I don't know what WikiMedia's lawyers think of the fact that every single
item in Wikipedia's archives are immediately available via URLs, and that
each article on Wikipedia contains a link to the history which is a list
of links to previous content.
An interesting thing happened today. An article was listed for deletion,
but at some point RickK marked it as a copyvio; the article seemed to be
heading for a keep or no consensus. I disputed Rick's action because the
article isn't a copy, and Rick pointed out that an earlier incarnation had
been a copyvio. I still thought it was OTT, but now I'm thinking that
copyvio is the right place, and that the correct action to take is that
the article should be deleted and all but the copyvio versions restored.
The
definition of publisher under the UK Defamation Act is also
interesting.
It's extremely broad under that act. Basically if you cause or enable
something defamatory to be transmitted to others in any way, shape or
form, you're a publisher, but if you're an internet service provider you
*probably* have a get-out unless and until you're made aware of the
specific defamation.
The
damages awarded in Godfrey v. Demon were £15,000. The legal costs
awarded at £250,000 seem to be completely out of proportion to the
damages, so I would be curious about the British procedure for taxing
costs. Where does the USD 1,000,000 exageration come from?

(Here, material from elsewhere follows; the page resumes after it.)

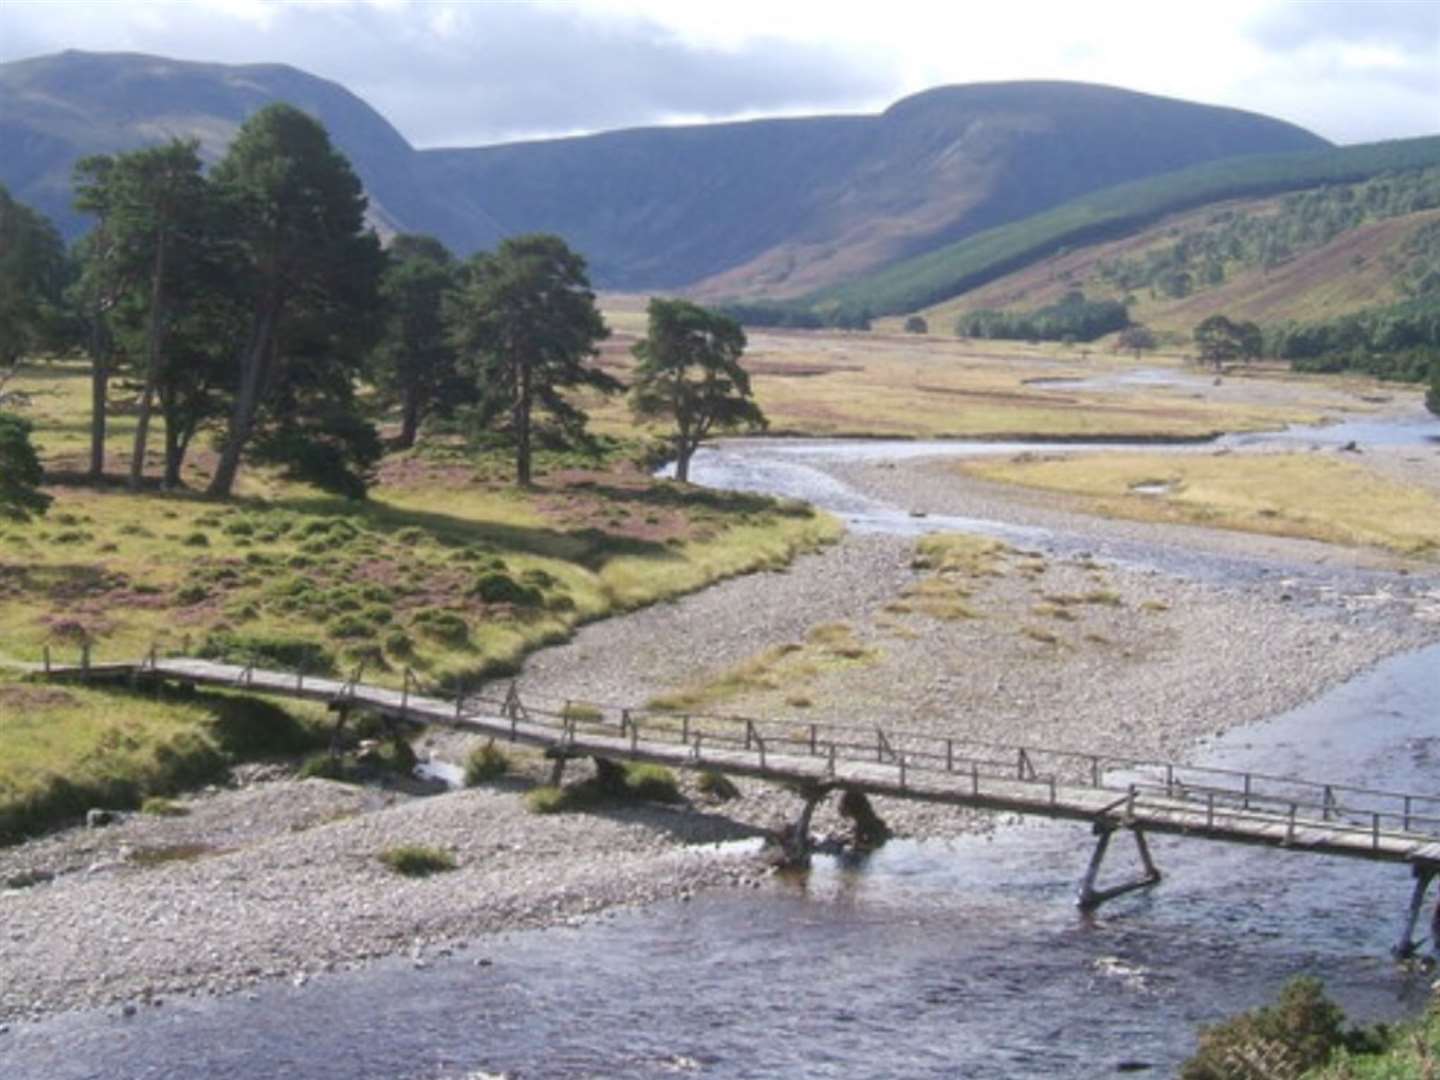 The iconic crossing on Glenfeshie is still much missed and needs replacing.
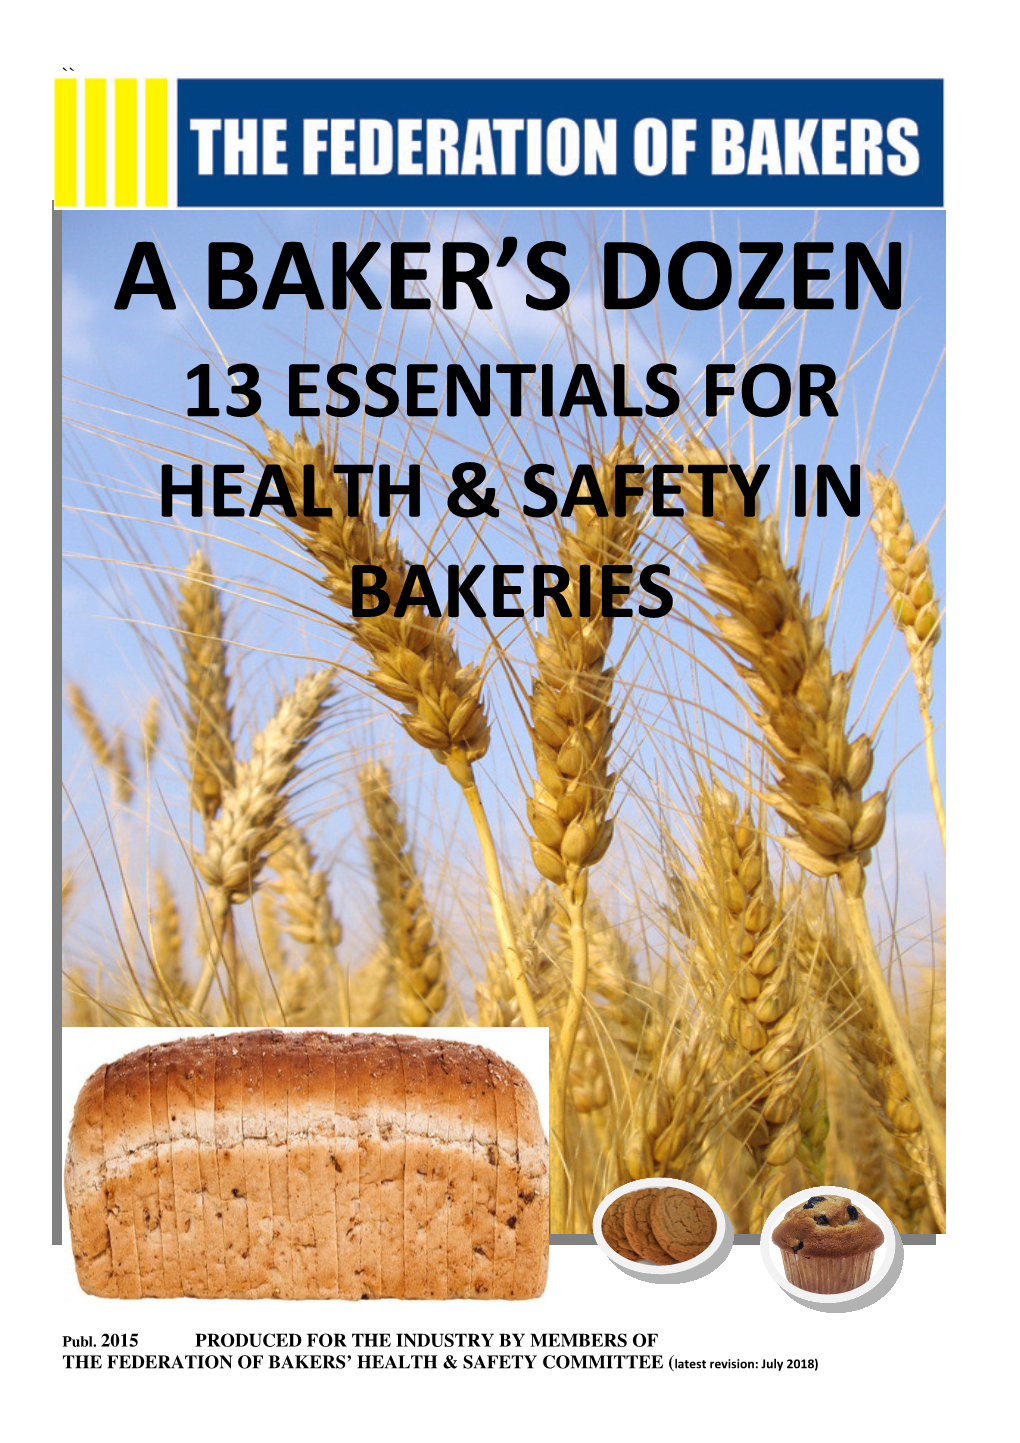 Bakers Dozen 13 Essentials for Health and Safety in Bakeries

The case never went to court; it was an out-of-court settlement, not an
award. I misremembered the amount. The pre-trial phase of the case was a
very hard-fought one so I don't think the costs sound particularly high in
the circumstances. Godfrey is very persistent and confident in his
ability to win cases, so he tends to put everything into them.
The defendants in this case were a UK company, so how
this might have
been reciprocally enforced against a US company did not arise.
See Godfrey versus Cornell University.